Entries supplied
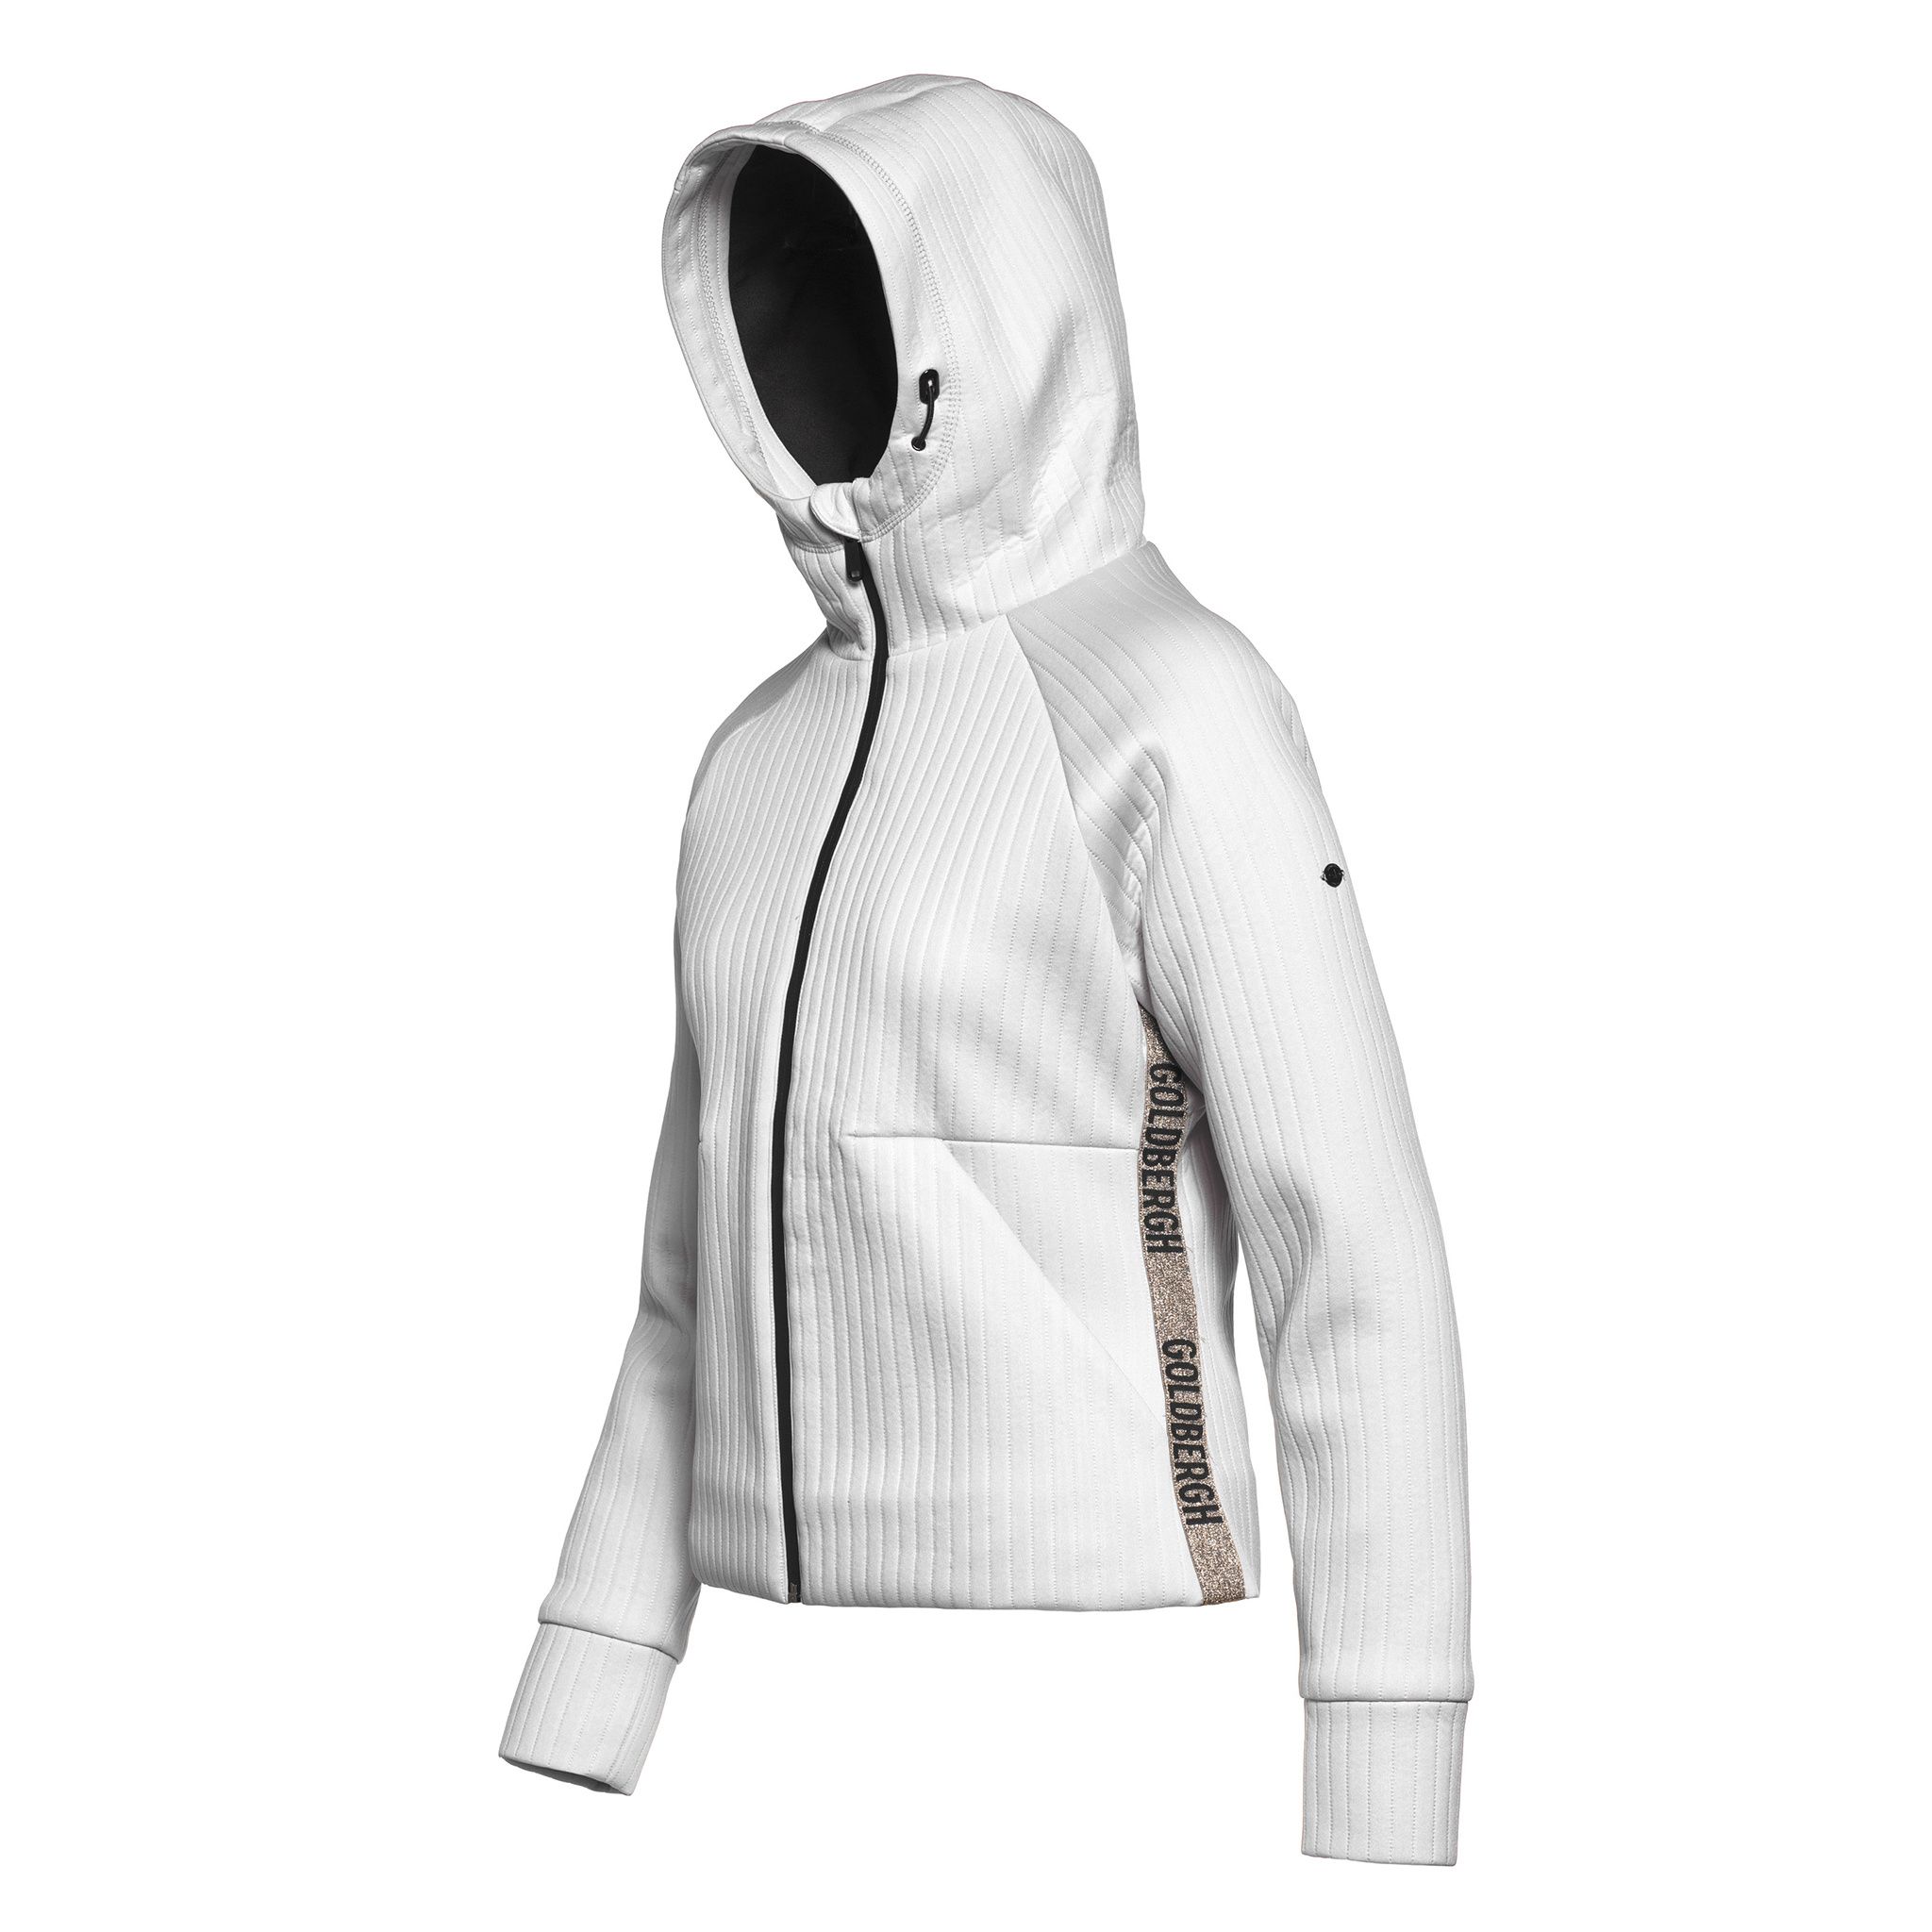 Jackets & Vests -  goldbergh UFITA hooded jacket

...

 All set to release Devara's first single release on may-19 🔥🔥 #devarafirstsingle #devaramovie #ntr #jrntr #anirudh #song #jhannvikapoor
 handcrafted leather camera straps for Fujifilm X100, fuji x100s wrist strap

--

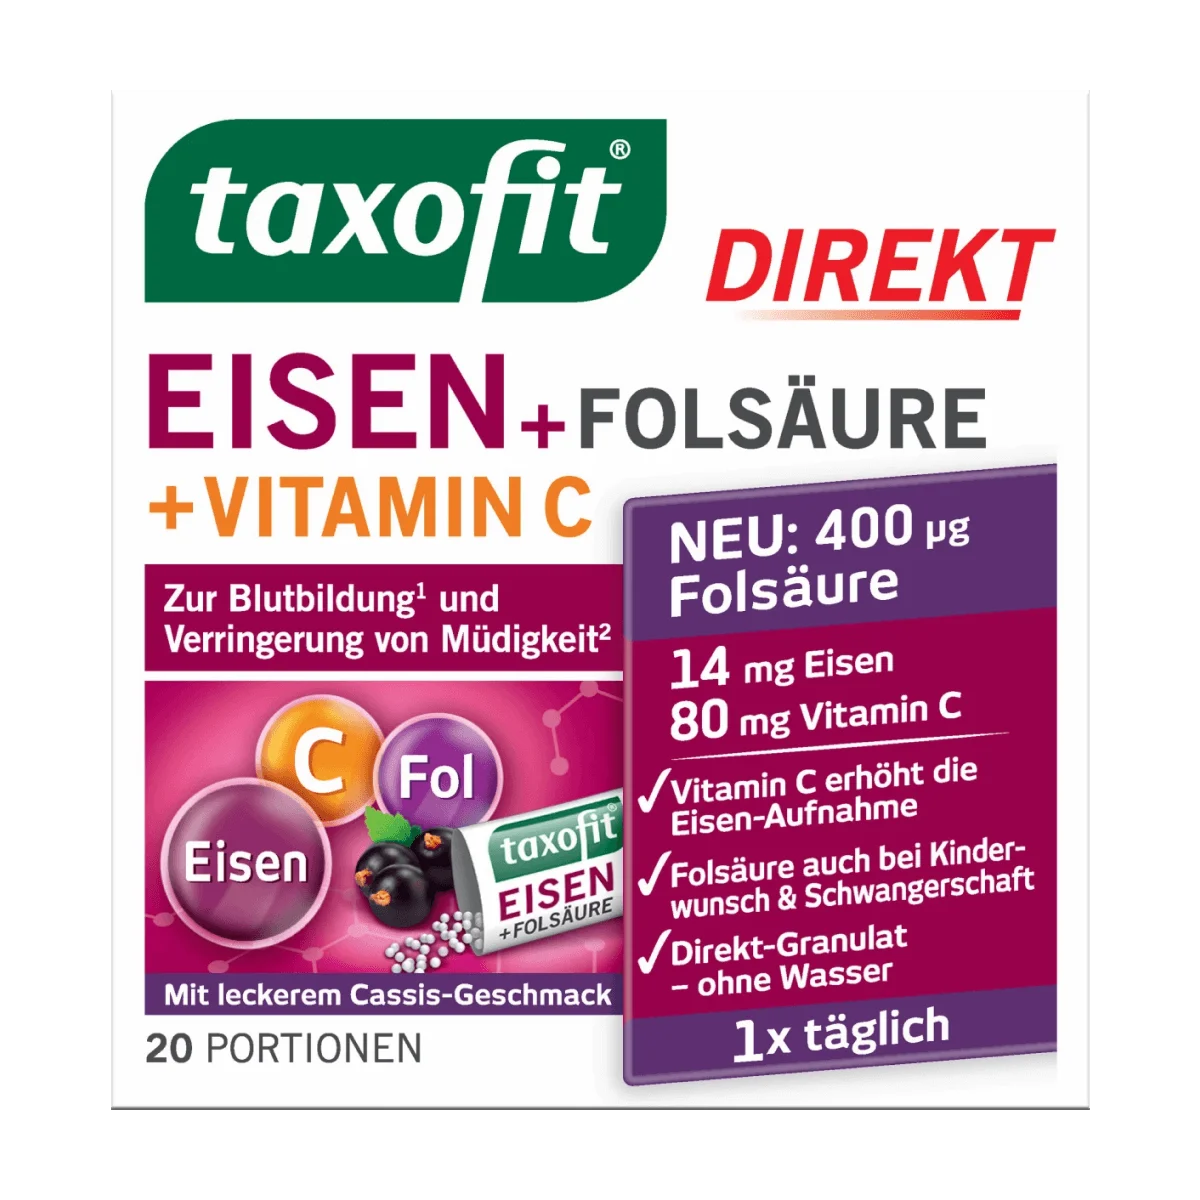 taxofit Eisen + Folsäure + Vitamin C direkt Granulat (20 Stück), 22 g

What you will do
Look in the material above for the line with "All set to release" and the line with "handcrafted leather camera", and transcribe exactly those lines and all lines between them, nothing more.

Result
 All set to release Devara's first single release on may-19 🔥🔥 #devarafirstsingle #devaramovie #ntr #jrntr #anirudh #song #jhannvikapoor
 handcrafted leather camera straps for Fujifilm X100, fuji x100s wrist strap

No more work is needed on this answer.